Blasts Over Alcohol Injure 16 in Dagestan

Firemen standing beside the attacked liquor store in Makhachkala.

Sixteen people have been injured in bomb blasts in Makhachkala after two stores were attacked for selling alcohol during the Muslim holiday of Ramadan.

One self-made bomb was planted in the "24 Hours" shop by two unidentified people, police said, while the other two, left at another store that sold various spirits, were left undetonated due to heavy rain.

The attacks came late Sunday at the end of a particularly violent 24 hours in Dagestan.

On Saturday night, two unidentified men opened fire on a vehicle in Makhachkala, killing one of the republic's moderate clerics, Ilyas Ilyasov.

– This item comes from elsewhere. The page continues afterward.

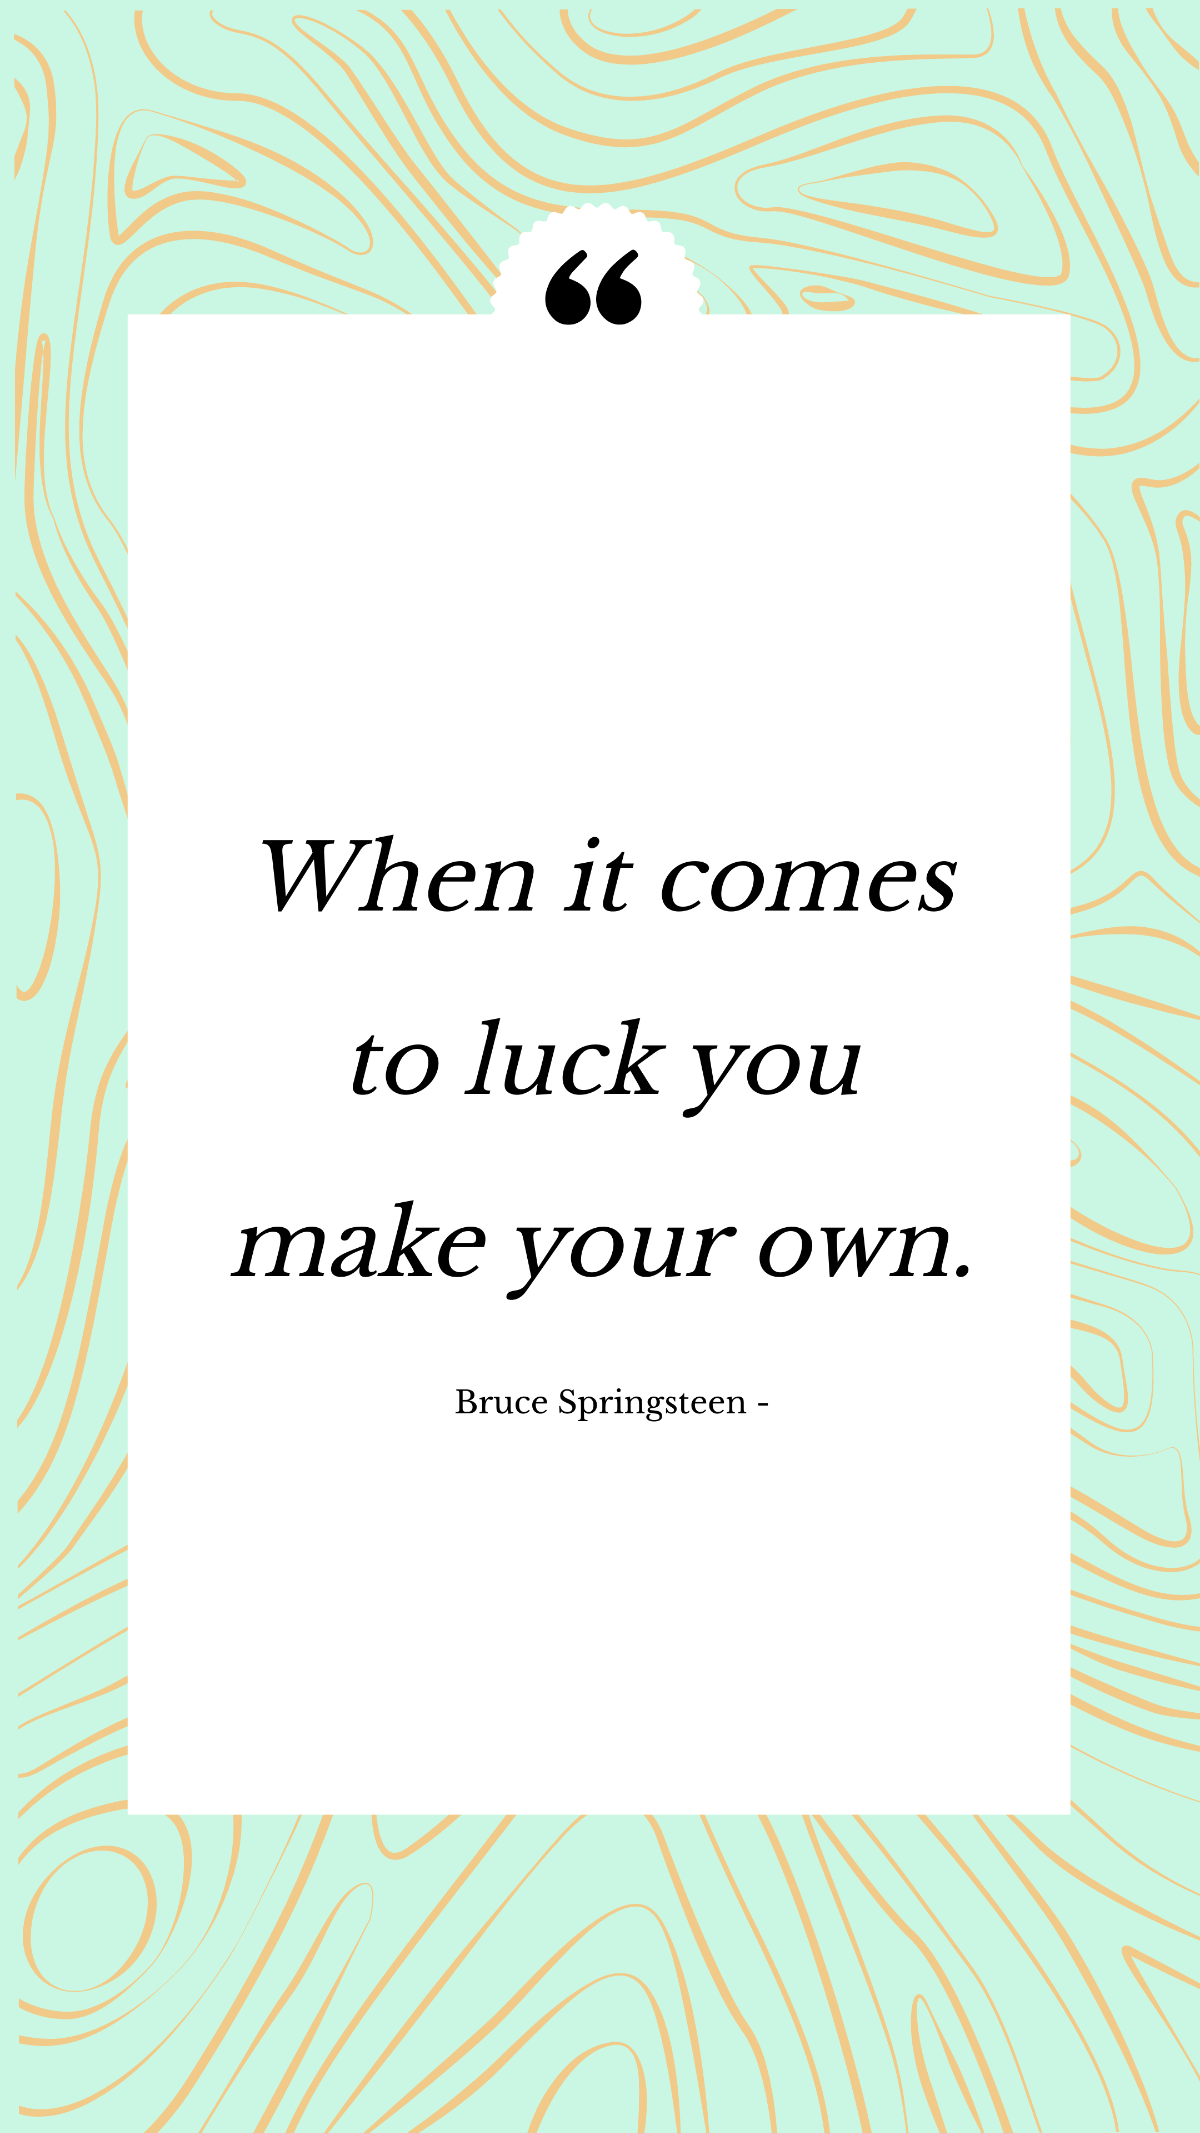 Bruce Springsteen - When it comes to luck you make your own. Template

And while it seems attacks against stores selling alcohol have been happening with less frequency than attacks against religious clerics, they have become routine in Russia's most violent region, underpinning an increased Islamic radicalization of the republic. Several such attacks were reported in 2011.

The Caucasian Knot news agency says that the attacks stem from sharia law but that religion is not the sole motivating factor: The attackers are getting revenge on store owners for their refusal to pay  for permission to violate sharia law by selling alcohol. Thus, the situation mirrors the "protection" rackets that have been revealed elsewhere in Russia, albeit with a religious cover.

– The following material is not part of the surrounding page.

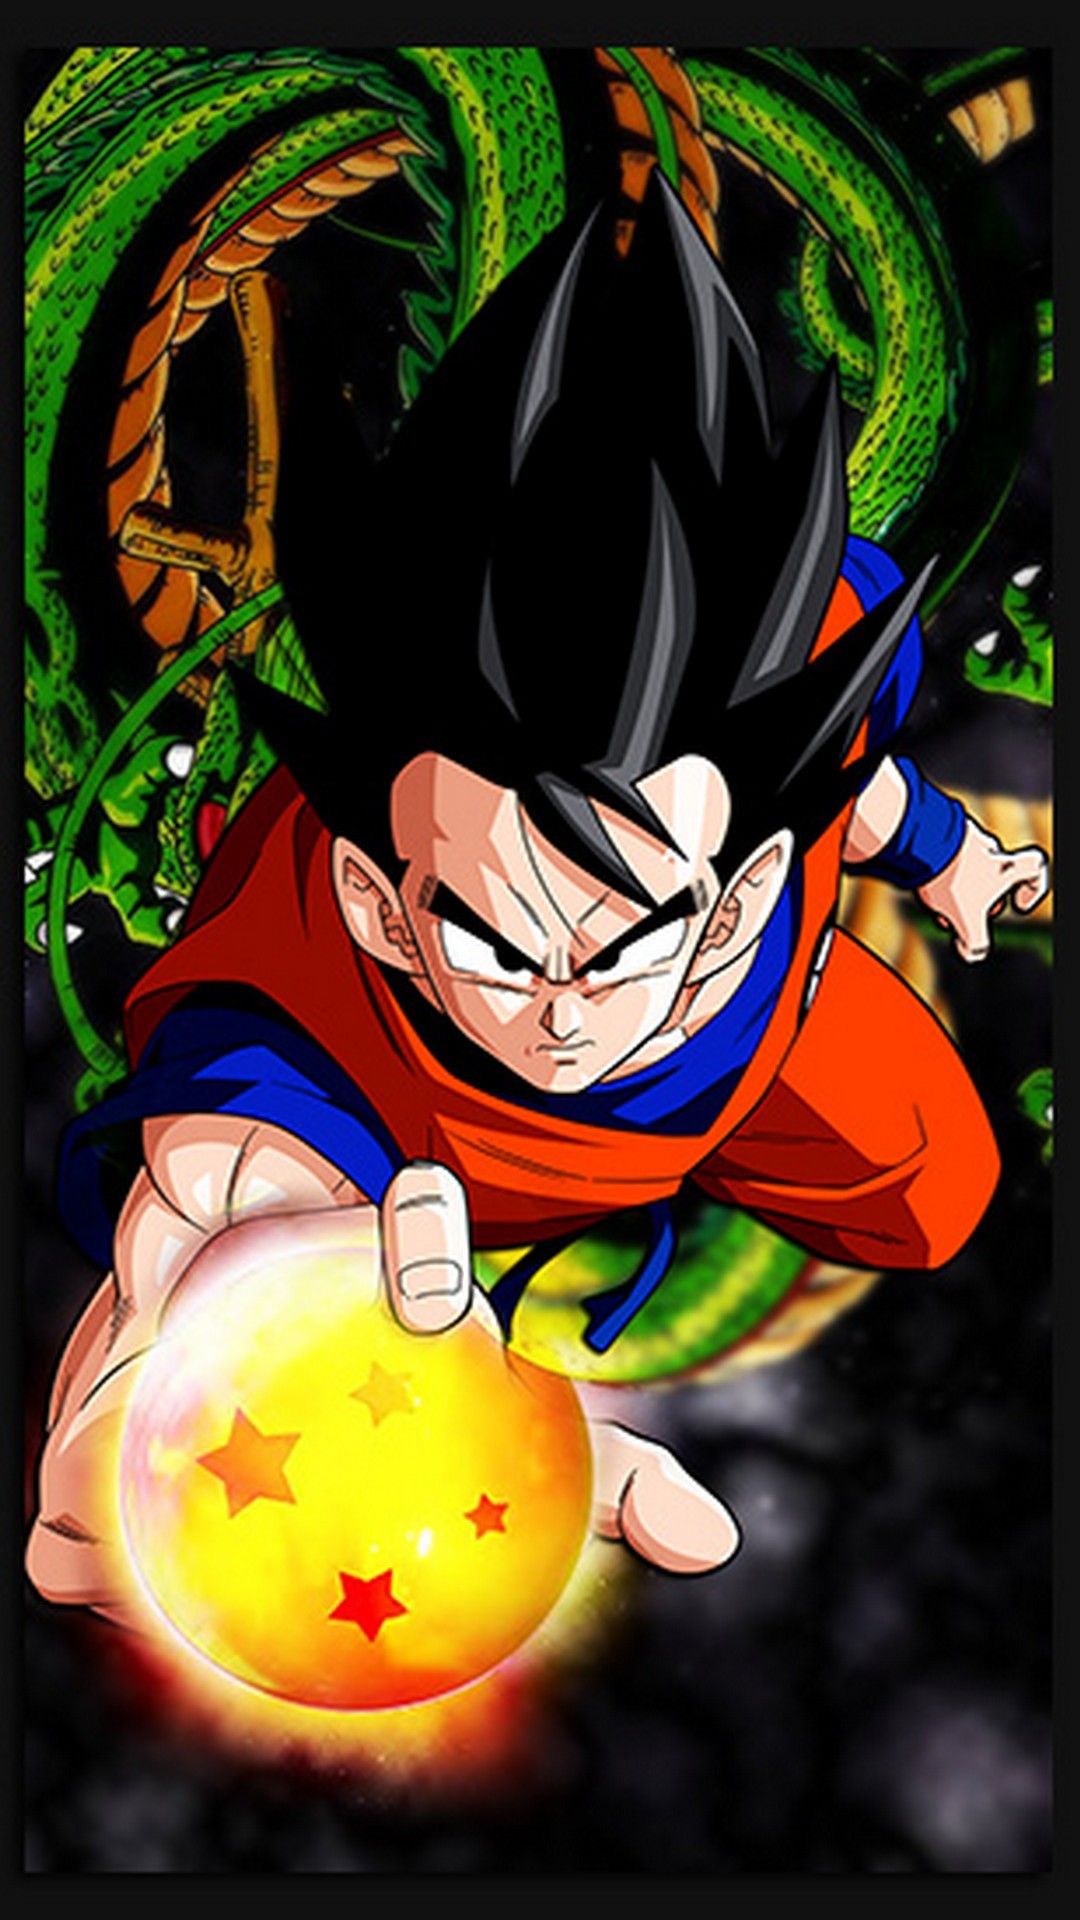 Goku Images HD Wallpapers For Android with HD resolution 1080x1920

During Ramadan, devout Muslims are not allowed to consume food or drink liquids from dawn until sunset. Many Muslim countries, such as Saudi Arabia, Kuwait, Sudan, Iran, and Libya, prohibit the sale of alcohol throughout the entire year.

And though the North Caucasus is a far cry from those countries, the strict adherence to sharia law is rapidly becoming the norm there, even though a mere decade ago the situation in Dagestan and across the region was quite different, said Alexei Malashenko, scholar in residence at Carnegie Moscow Center.

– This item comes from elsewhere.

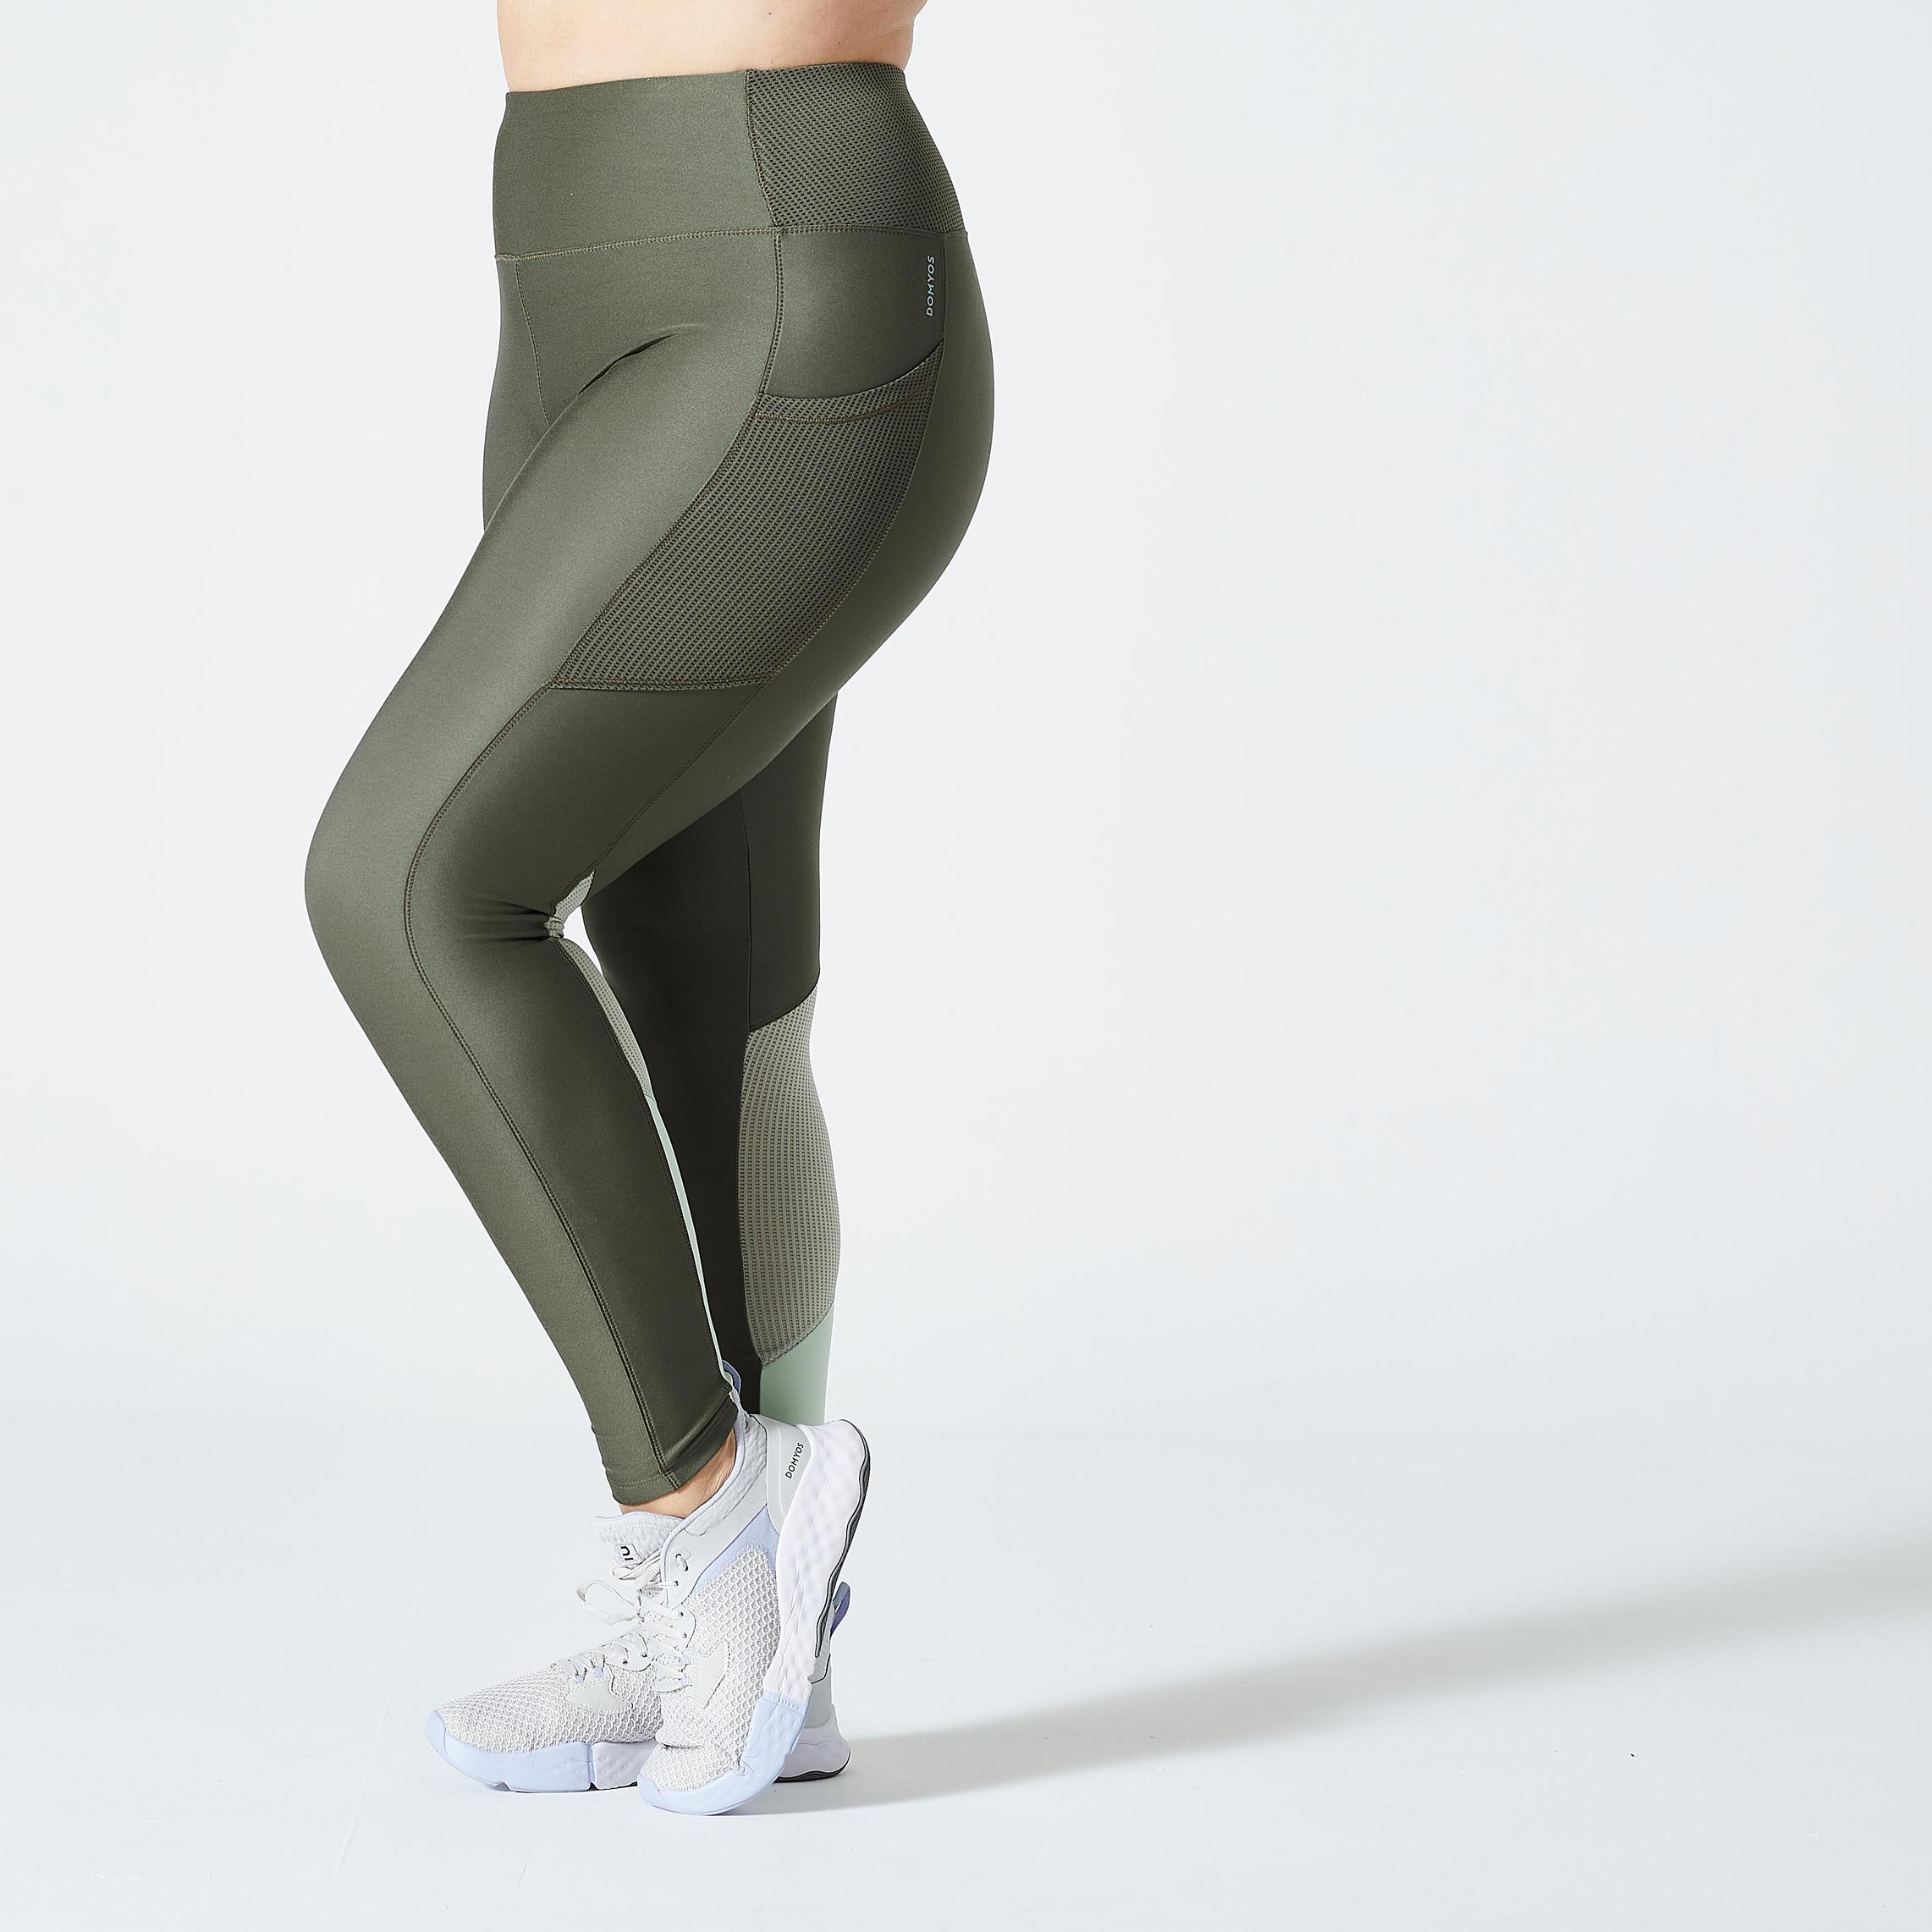 Women's Fitness Cardio Leggings with Phone Pocket - Khaki/Green offers at S$ 12.9 in Decathlon

"Last year, people would knock other people's drinks out of their hands if they were drinking in public, even if it was just kvass [a traditional Russian beverage made from black or rye bread that is lightly alcoholic]," he said. "People are afraid to drink today. You have to know where you can drink and whom you can drink with."

The process currently taking place in the North Caucasus is part of a broader shift toward the greater Islamization of many regions of the world, Malashenko said, with local authorities powerless to stop it.

Dagestan's new head, Ramazan Abdulatipov, appointed in January 2013, will likely face an uphill battle with radicalization.

In an apparent attempt to ease mounting tensions, Abdulatipov signed a law that bans the sale of alcohol during Ramadan, as well as from 8 p.m. until 10 a.m. throughout the year. But given Sunday's blasts, it is unclear whether the law has been effective.

"What we now have are typical Muslim enclaves within the territory of Russia," said Malashenko. "The new head, Abdulatipov, is a good and decent man, he wants stability, but he is powerless to stop the process of Islamization."